My husband didn't have his online class tonight so we hung out downstairs and watched some tv. That's why my post is so late.

I saw that my story was posted on Faces of Loss, Faces of Hope!! I hope it helps others! What a great site that is.

Well I'm off to do some research and hit the sack!

Nite blog world.

Wednesday, November 3, 2010

Night

Another sad night. Where should I go for Christmas? The beach, mountains, Florida? There is no way I am sitting here. Everyone will be celebrating but I'm not sure they will not remember my child.

Just because my child died doesn't mean they don't have a grandchild, niece, nephew, etc. How is it that people can say well my mom, dad, or so and so passed away but we forget that child who passed. They just remember it as Julie had a miscarriage.

Medicine: I upped my Zoloft. I started at 50 mg, then two weeks after 100, tonight I took 150. It's not working on 100.

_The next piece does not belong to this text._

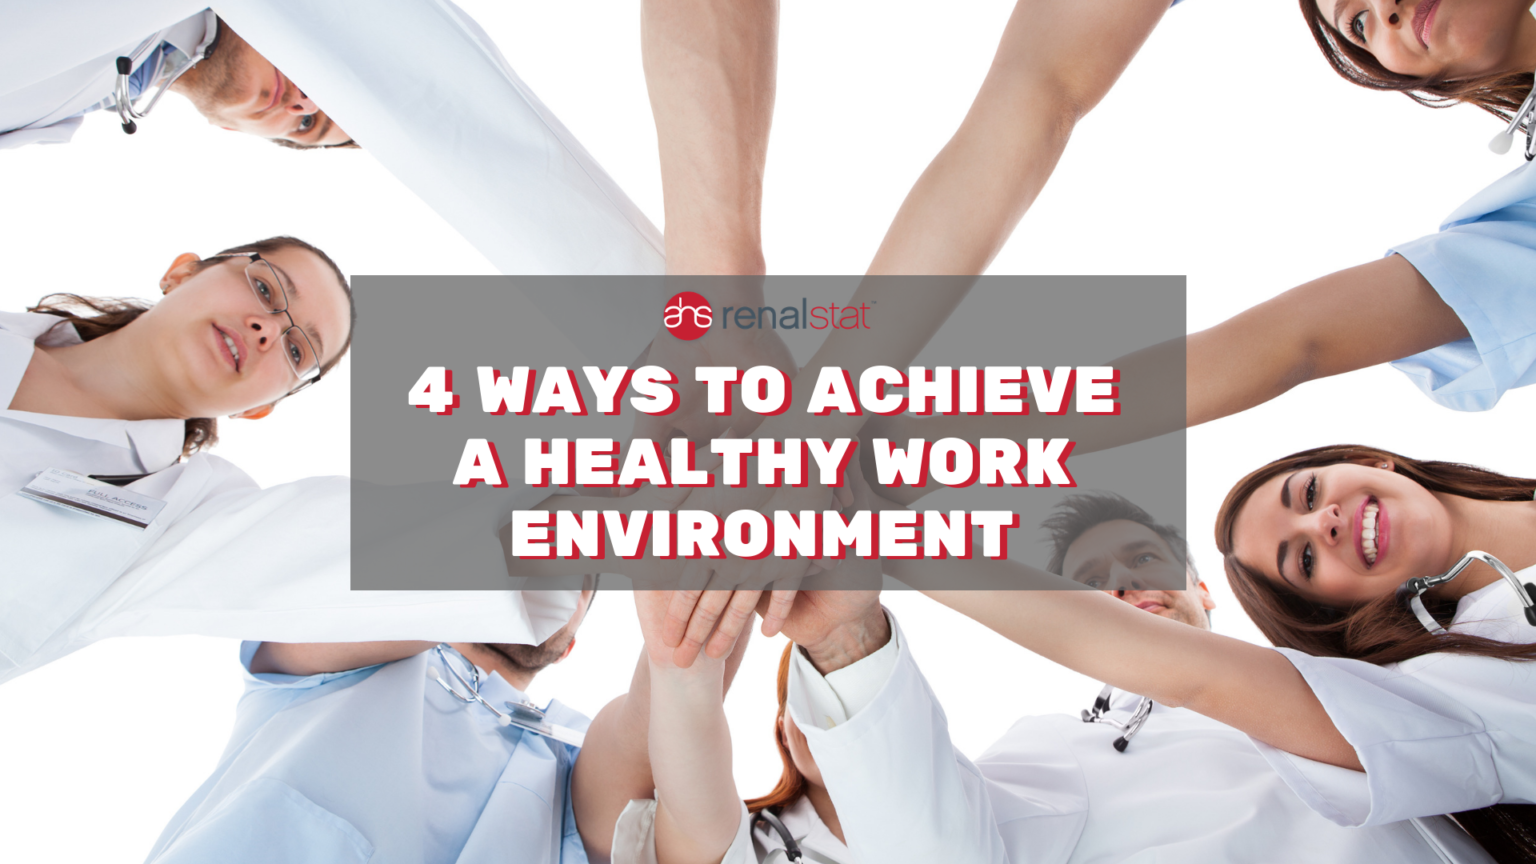 4 Ways To Achieve A Healthy Work Environment Ahs Renalstat

I wish my child was here and I wasn't. I hate my life. I'm not happy. God I miss my child. Here come the tears. Dammitt.

WHY?!??!?!

I can't concentrate at work. Why does nobody care that my child is gone? How easy people forget!! It seriously is like it never happened. I'm so ready to go home. I love home but then I hate going upstairs to no nursery. This sucks. I love my family but they kind of stink right now. Nothing ever gets mentioned about their dead grandbaby. Nobody gives a shit about how I am doing. Real nice.

Tuesday, November 2, 2010

Tears

I cry a lot! I'm sitting here now just sobbing. I can barely talk. I hate to go downstairs because my husband is going to flip out over me crying. I can't breathe. It hurts so bad today. I keep thinking about my little baby. Great, my eyes are going to be so swollen tomorrow. I need a break. I get in panic mode and I feel like I have to get out. I can't stand this. I can't deal with my birthday next week or the holidays. I hate my stomach. It should be big now. I hit myself sometimes because I get mad. I sometimes want to stab my stomach with a knife. It's very scary. I getting frightened by those thoughts. Why did my baby die? Why are all these other people having babies and I am not??? It's crap!! I am miserable. I'm alone. Nobody cares and nobody calls to check on me. They are so involved in their own lives and other grandkids. Excuse me....you have another one in heaven. I hope to give all the grandparents names in the sand framed pictures for Christmas. Seriously that's all they are getting. I hate fucking Christmas. Your grandchild is dead, Merry Christmas.

Monday, November 1, 2010

Wow November 1 already!


Life goes by so quickly. I like it sometimes but sometimes I don't. I wish I could go back in time. Anyone else ever wish this? I would change so many things. I wonder what my baby is doing in heaven? Probably fishing with my grandparents.